OpenAI embeddings are dense vectors that turn text into numbers a machine can compare. Two texts about the same topic end up close in vector space; two texts about different topics end up far apart. That is the whole game, and almost every retrieval-augmented generation (RAG) pipeline, semantic search box, clustering job, and classification pipeline in production today runs on embeddings of some flavor.
In 2026 the practical choice on the OpenAI side is simple: text-embedding-3-large for accuracy, text-embedding-3-small for cost and throughput. The legacy text-embedding-ada-002 is still callable but you should not start a new project on it. The interesting decisions are downstream: which dimension count to truncate to, how to batch, how to score similarity, and which vector store to land in.
This guide is the engineer's version.
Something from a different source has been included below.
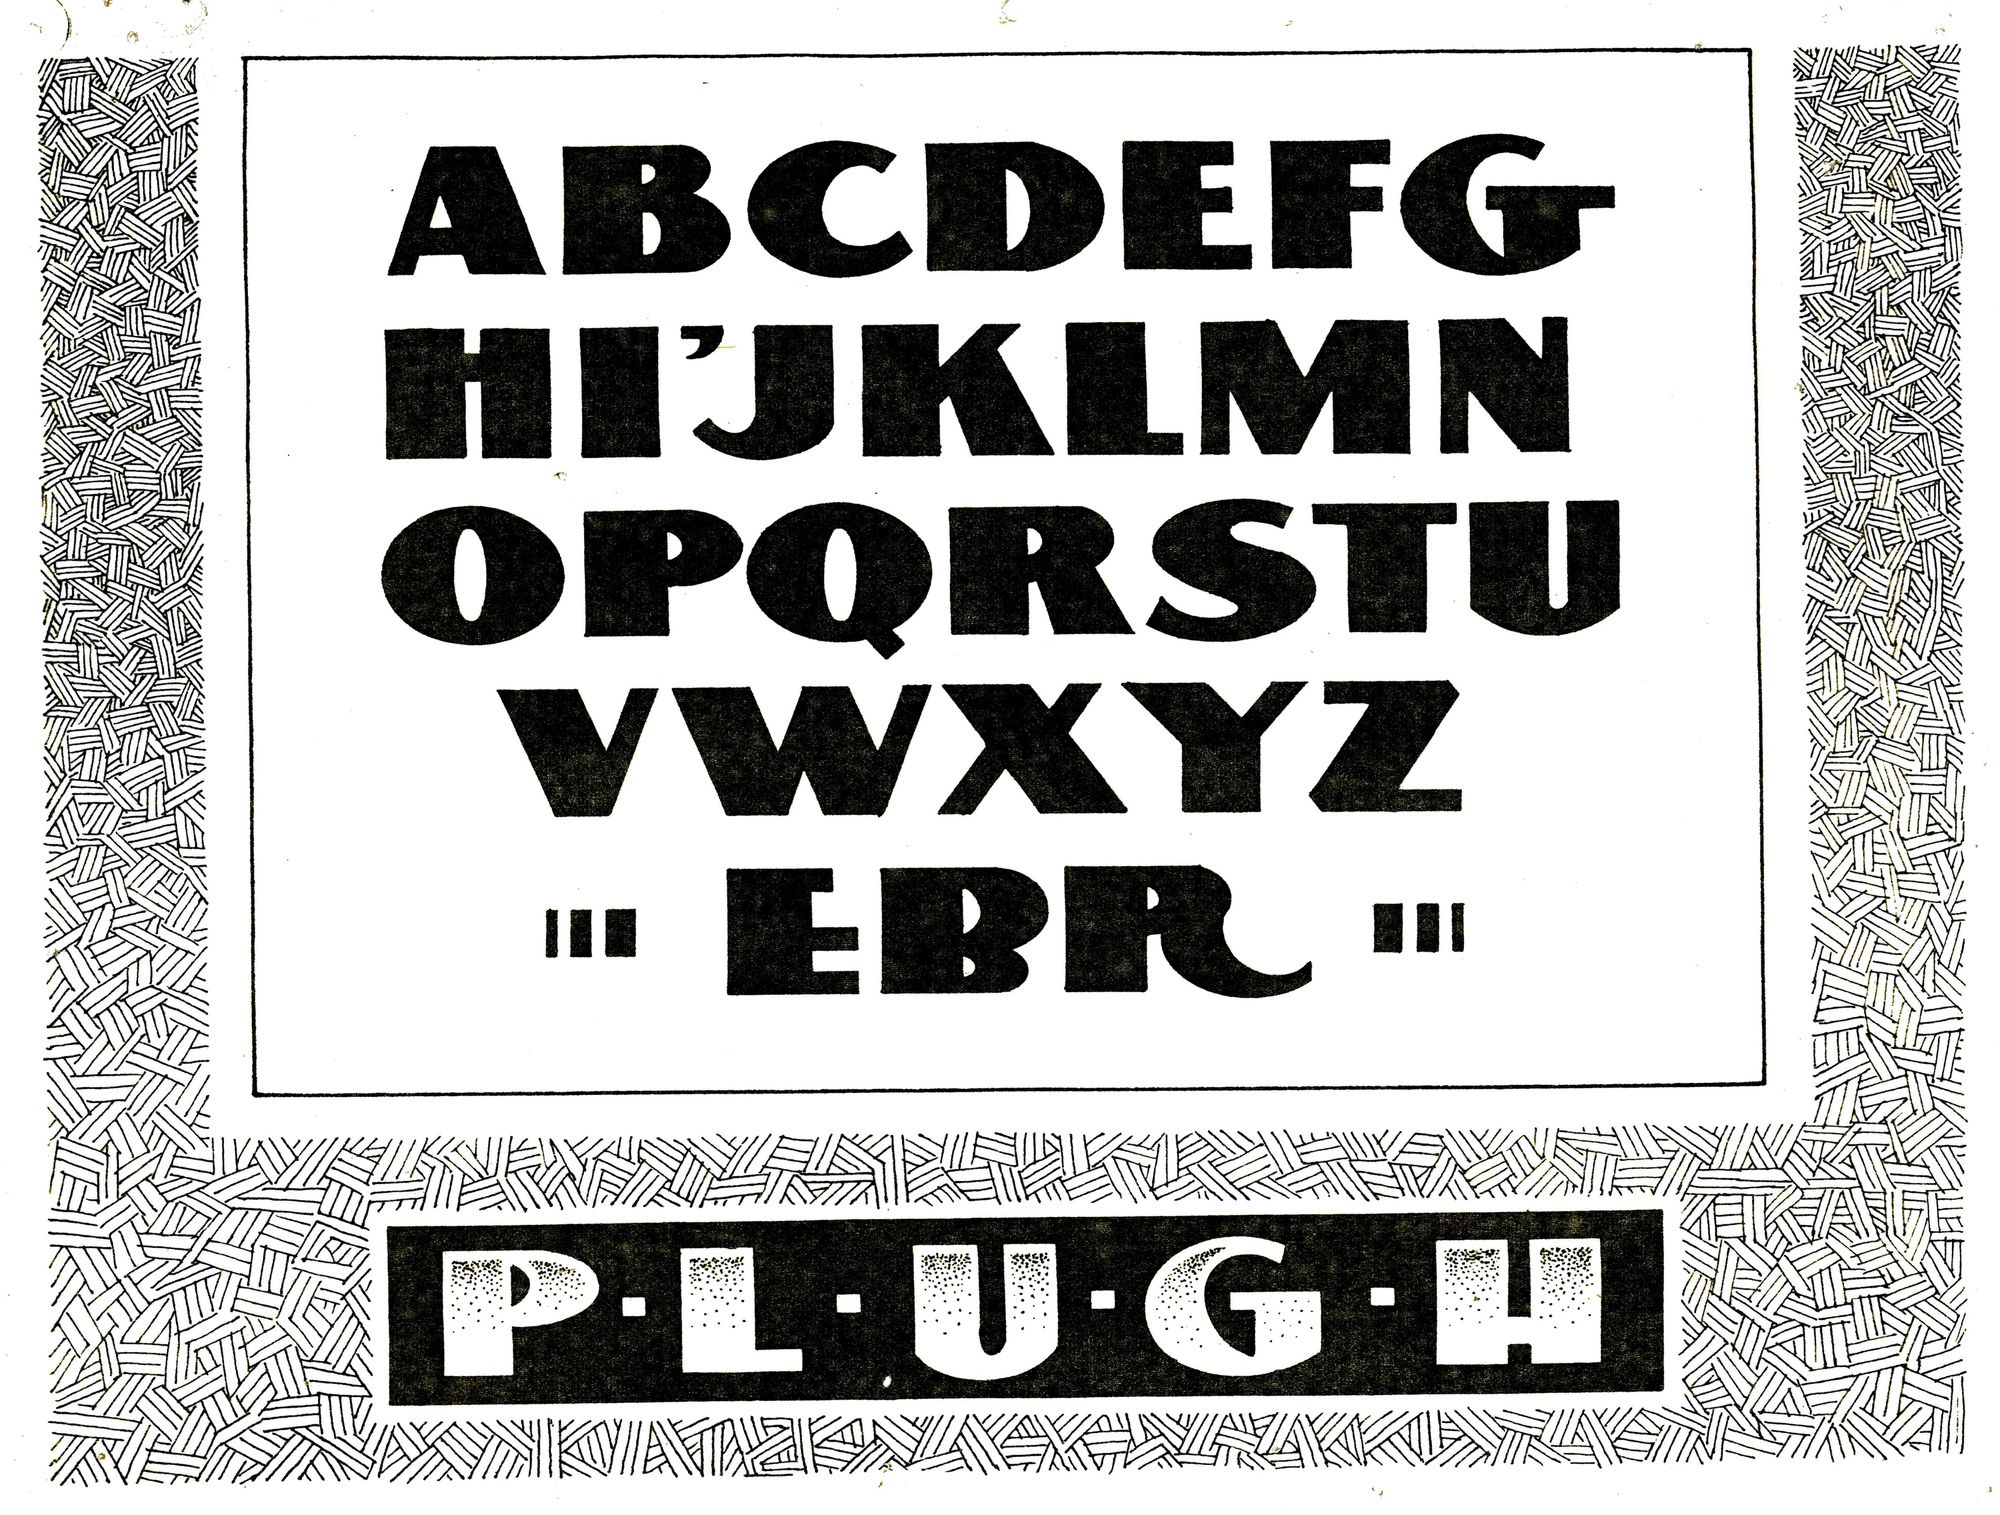 Hand-drawn block alphabet in black and white.

Code in Python and TypeScript, real prices, the trade-offs that show up in production. For the bigger picture on retrieval architecture, see what is a RAG pipeline and what is agentic RAG.
TL;DR
- Default to
text-embedding-3-small. It costs $0.02 per million input tokens and handles most retrieval tasks well. - Reach for
text-embedding-3-largewhen recall matters more than cost. It scores 64.6 on MTEB retrieval, about 3.6 points higher thanada-002, at $0.13 per million tokens. - Use the
dimensionsparameter to shrink vectors. A 3-large truncated to 256 dims still beatsada-002at 1536, with a fraction of the storage cost. - Batch aggressively. The Embeddings API accepts arrays. One request with 100 inputs is dramatically cheaper in wall-clock time than 100 sequential requests.
- Cosine similarity is the default. Normalized OpenAI vectors mean cosine and dot product give identical rankings.
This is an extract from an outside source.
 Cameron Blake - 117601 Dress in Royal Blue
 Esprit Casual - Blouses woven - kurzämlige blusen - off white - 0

- Land in a real vector store.
pgvectorif you already run Postgres; Pinecone, Qdrant, or Weaviate if you need scale or filtering features.
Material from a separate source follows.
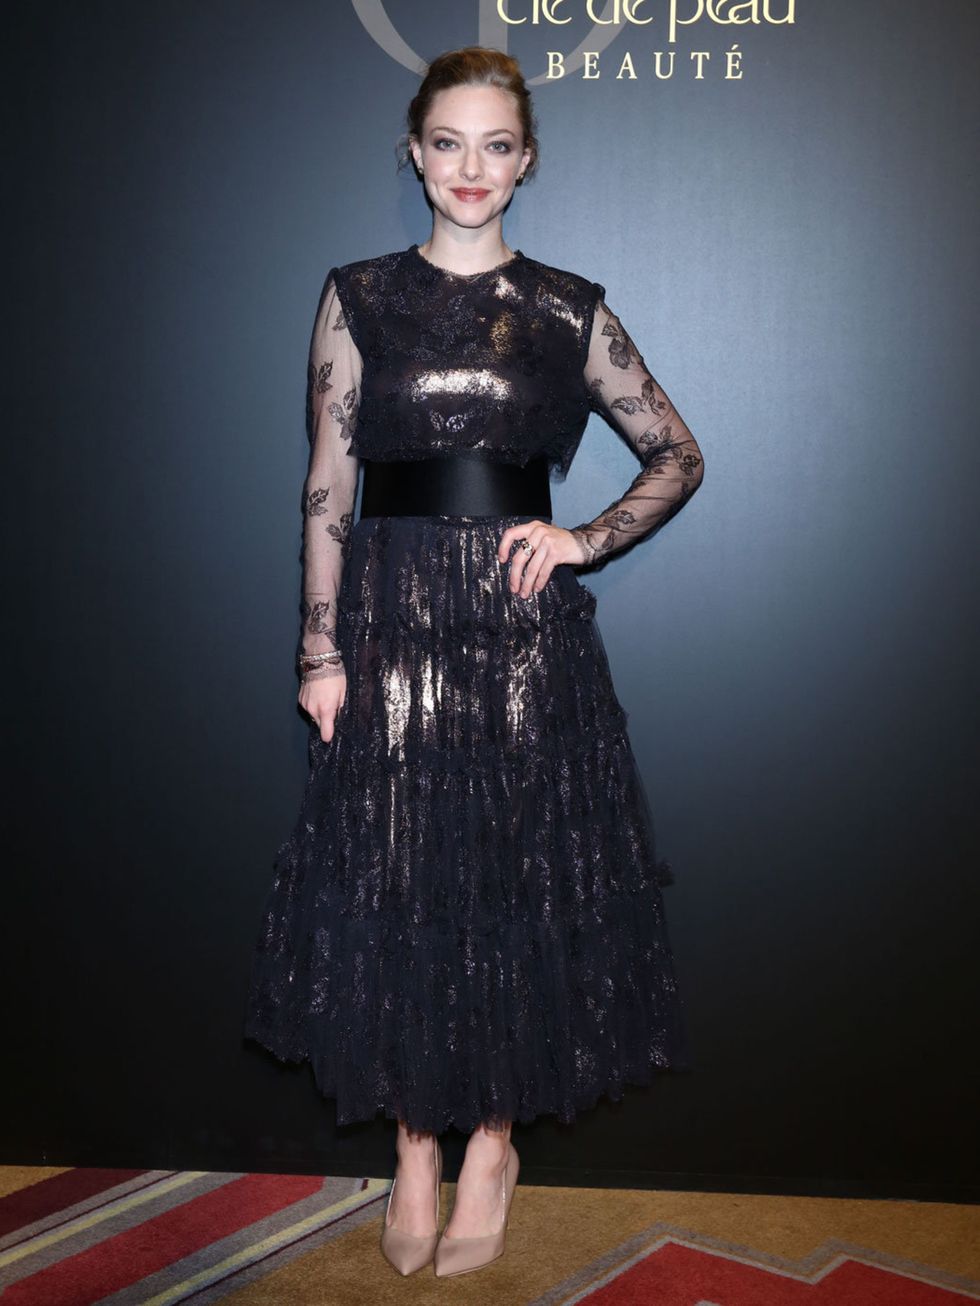 <p>Amanda Seyfried attends 'Cle de peau BEAUTE 2014' promotional event at the Ritz Carlton, Tokyo wearing Lanvin on 2nd June 2014.</p>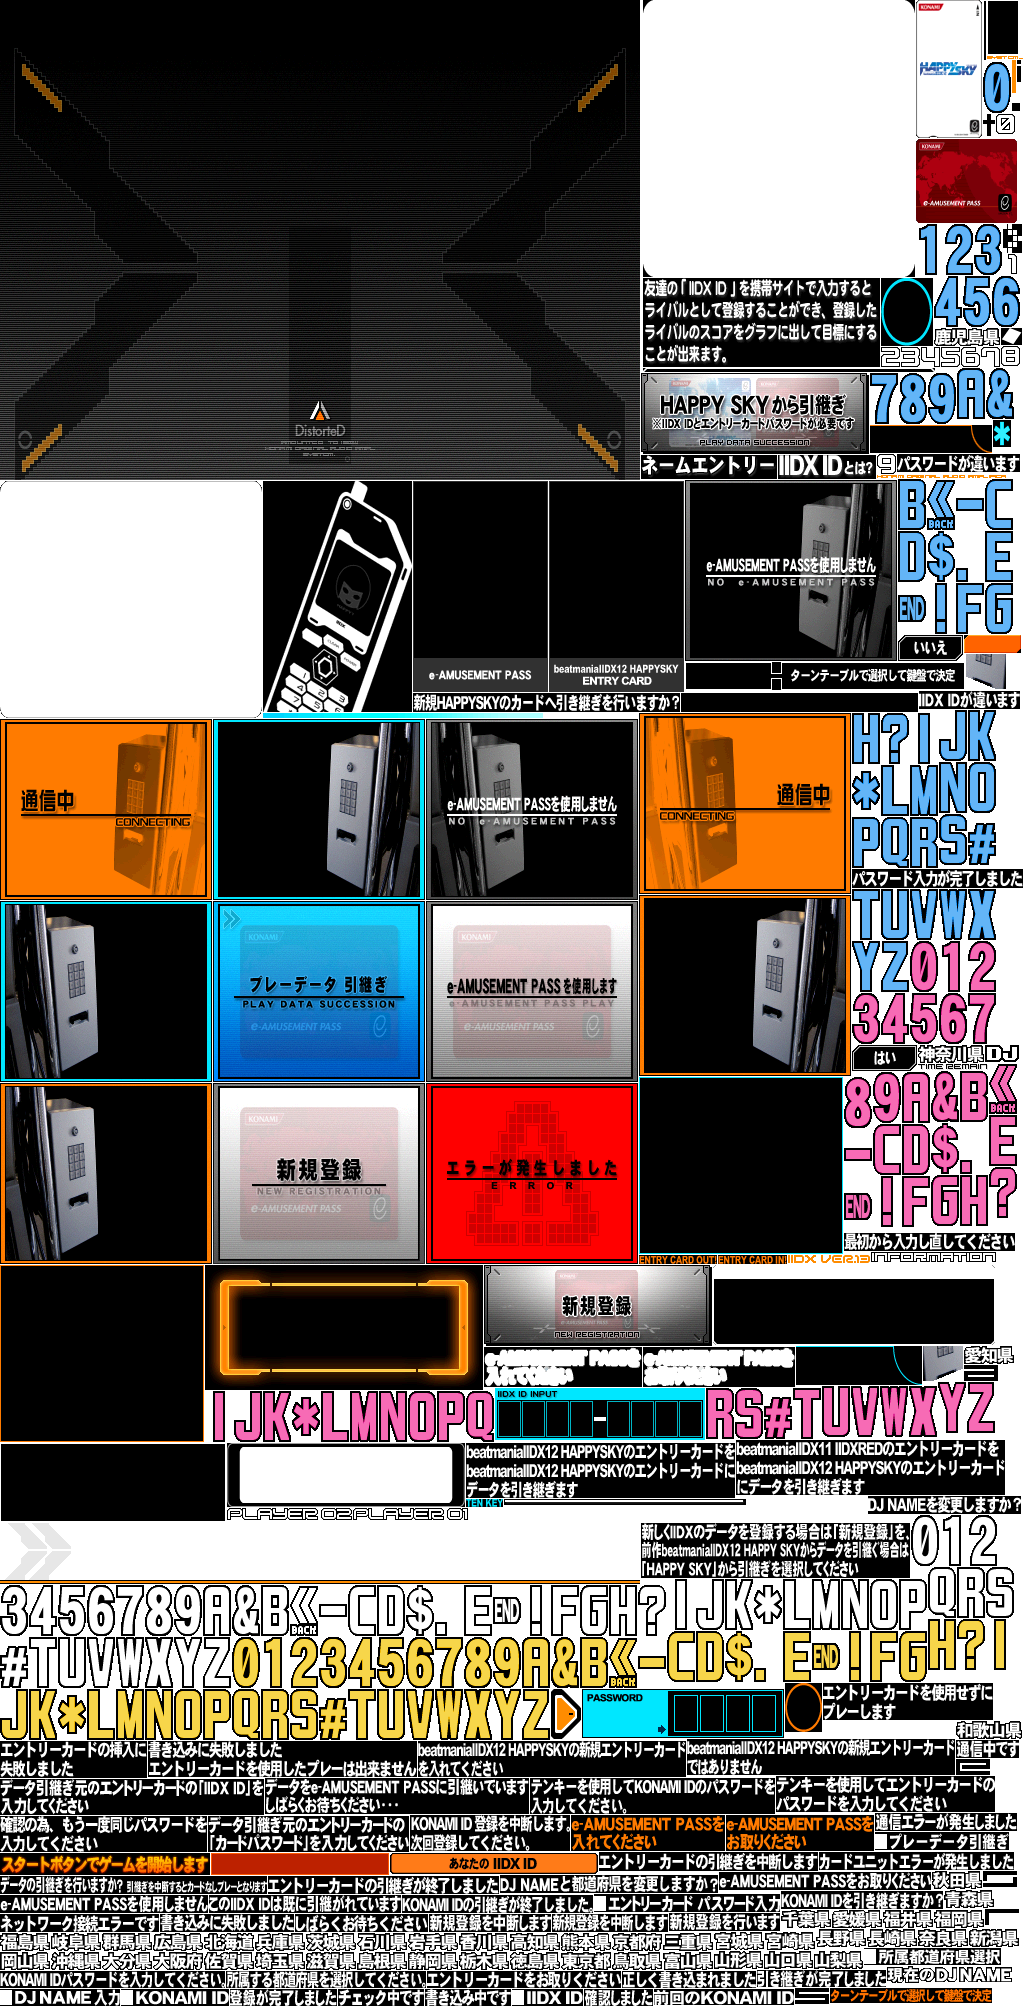 beatmania IIDX Series - Name Entry

The three models, and which to pick
OpenAI ships three embedding models in 2026:
| Model | Default dims | Max input | Price per 1M tokens | MTEB retrieval |
|---|---|---|---|---|
text-embedding-3-large | 3072 | 8191 | $0.13 | 64.6 |
text-embedding-3-small | 1536 | 8191 | $0.02 | 62.3 |
text-embedding-ada-002 (legacy) | 1536 | 8191 | $0.10 | 61.0 |
A few observations.
text-embedding-3-small is the obvious starting point. It is 5x cheaper than ada-002 for better quality, full stop. There is no reason to default to ada-002 for a new project.
text-embedding-3-large earns its keep on harder retrieval problems: technical documentation, multi-lingual corpora, anything where the top-5 result quality directly drives a downstream LLM. The price gap (6.5x) sounds large until you realize embedding costs are usually a single-digit percentage of total RAG cost. Generation tokens dominate.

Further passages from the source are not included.